Starting point is 01:43:15 He makes it fucking blue. Um, is there anything else to talk about? Do I really need to go beyond a fucking hour on this? I don't think I do people. I apologize for the fucking hung over one, but you know something you went all of 2011 without one. I'm trying to think the last time I was hung over on a podcast. I think it's been a long time and it's been a while since you fucking whatever that guy
Starting point is 01:43:37 stayed. I used to sing about his dad. Remember that? Um, anyways, that's the podcast for this week. You guys, I know it was late and I know it wasn't worth the wait. So you don't need, you don't even need to tell me. I know. All right.
Starting point is 01:43:52 Don't be one of those douchebags. You know, like when you fucking get arrested for drinking and driving and then your friend shows up and tells you how fucking stupid you are. Like you didn't realize that when you spent the night in jail with no sneakers on because I thought you were going to hang yourself by your shoelaces. Like if you couldn't figure out that point, do you think I really need you to tell me that you douche? Okay.
Starting point is 01:44:15 All right. I don't know what that means. All right. That's the podcast for this week. Go fuck yourselves. I will talk to you next week and, um, yeah, that's it. I'll talk to you next week. Every time you do that thing, you do.

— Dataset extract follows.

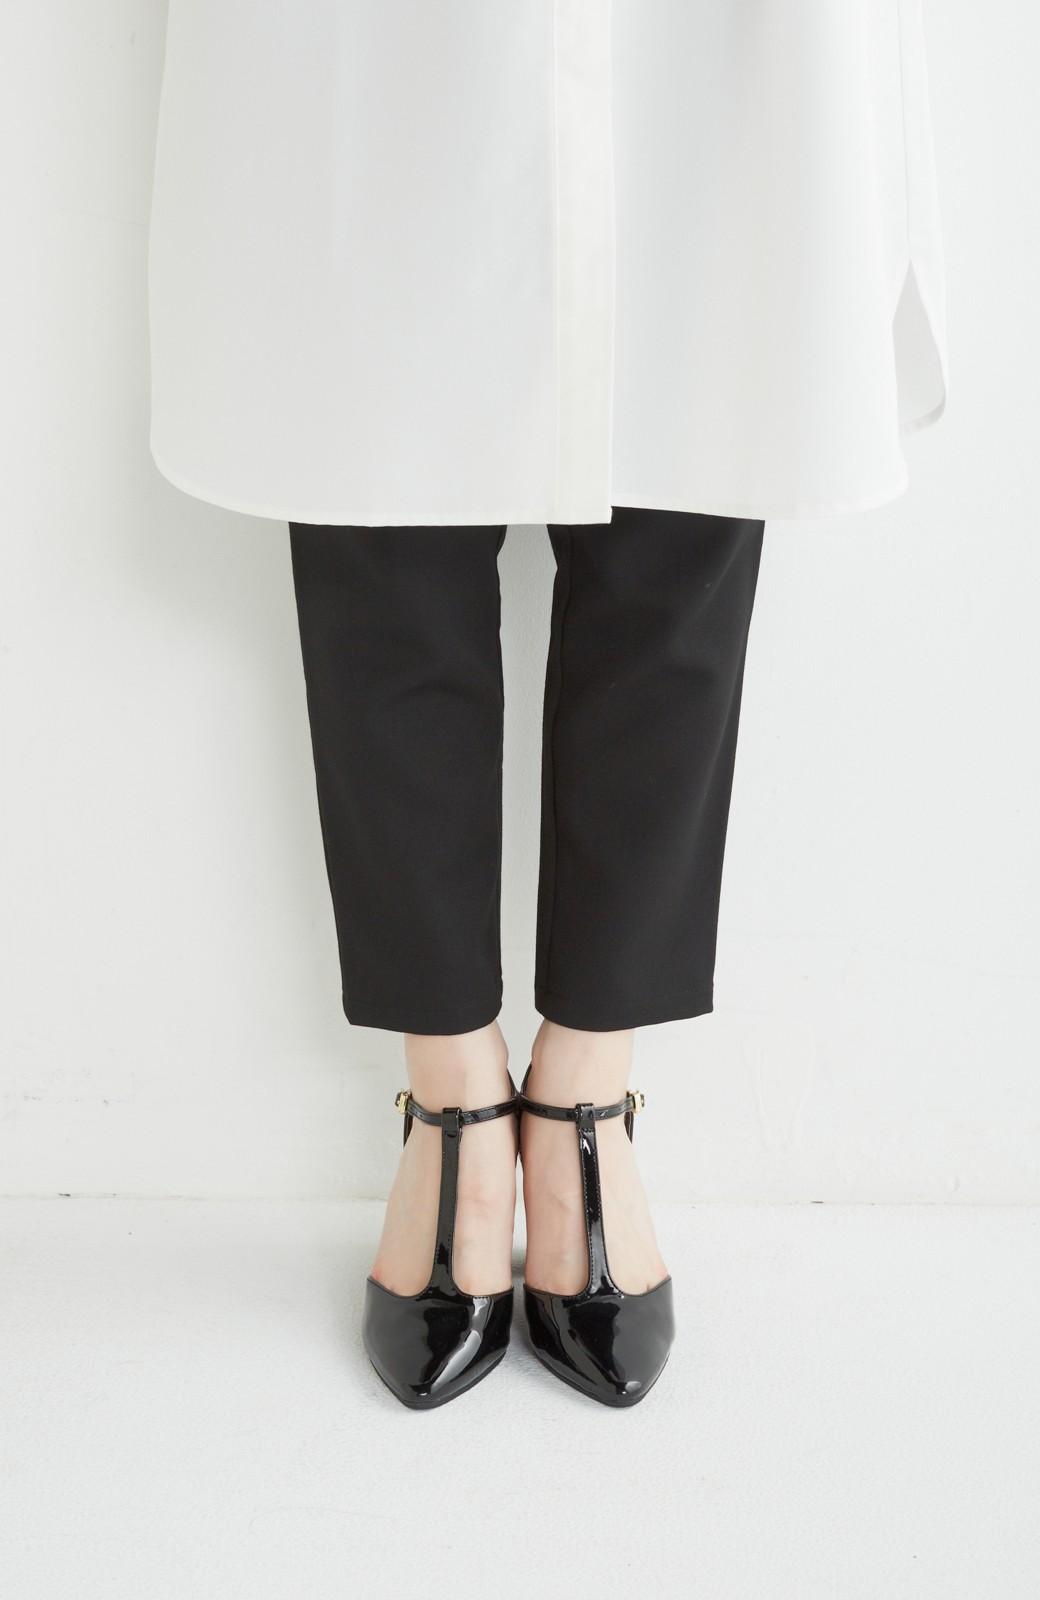 SHE THROUGH SEA おでかけの日に大切に履きたい、Tストラップパンプス <ブラック>の商品写真2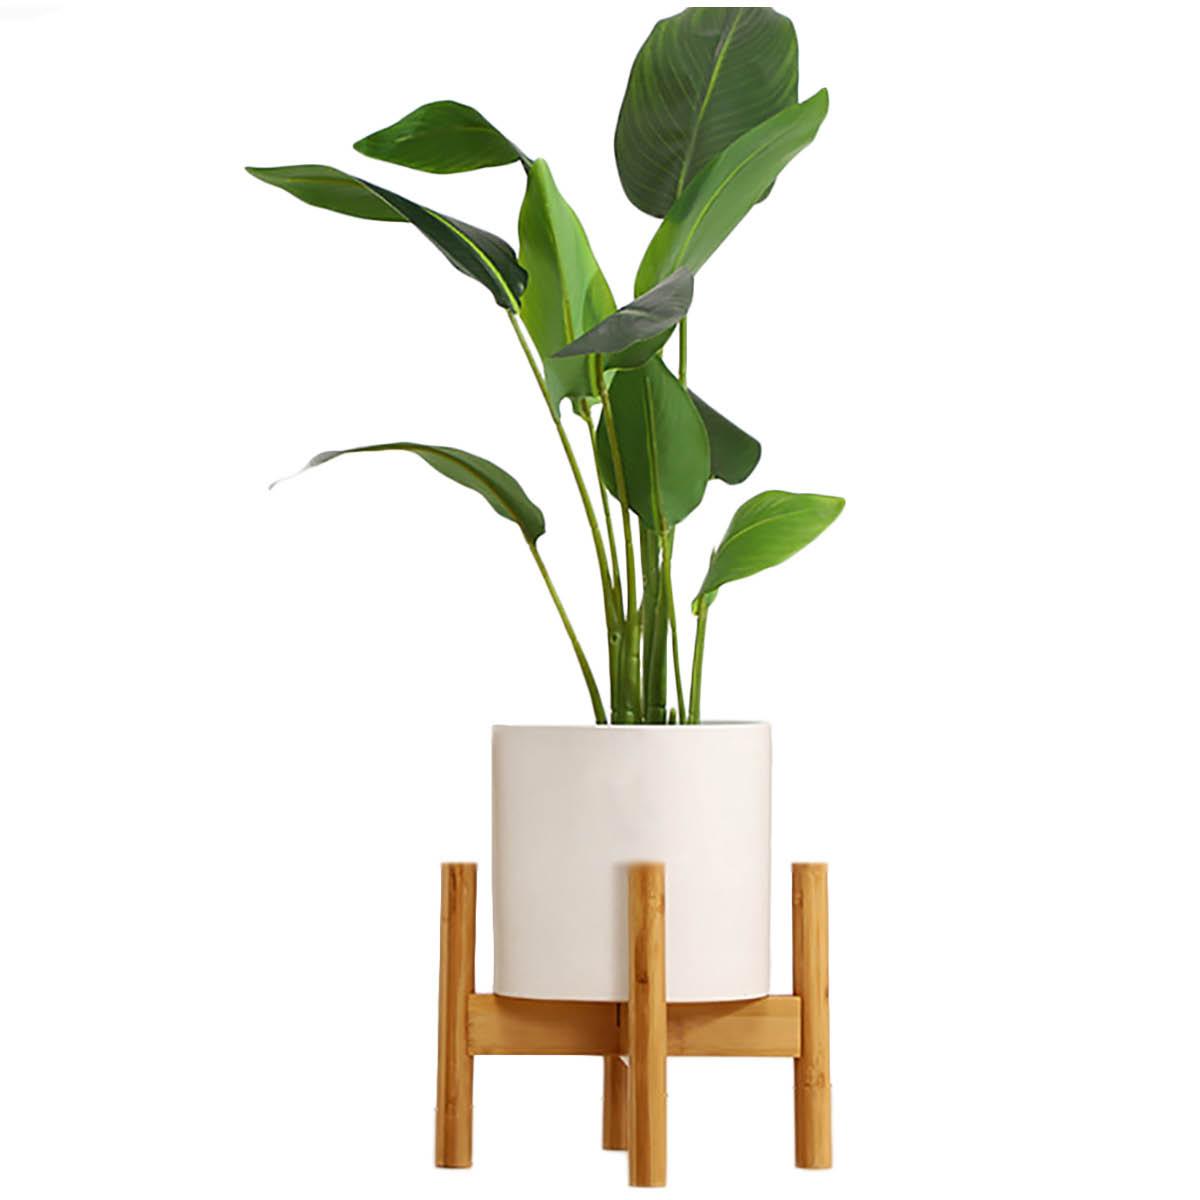 簡単な組み立て式、シンプルでコンパクトなデザイン!! [高さ18cm] VeroMan ポットスタンド フラワースタンド 竹製 直径30cm 調整可 植木鉢 ガーデニング 室内 室外 花台

Starting point is 01:45:01 I don't ask for life, but I know one thing's for sure. It's the love I have in God, girl, and I just can't take it anymore. It's the love I have in God, girl, and I just can't take it anymore. It's the love I have in God, girl, and I just can't take it anymore. It hurts me so just to see you go around with someone new. And if I know you, you're doing that thing. Every day just doing that thing. I can't take you doing that thing to do.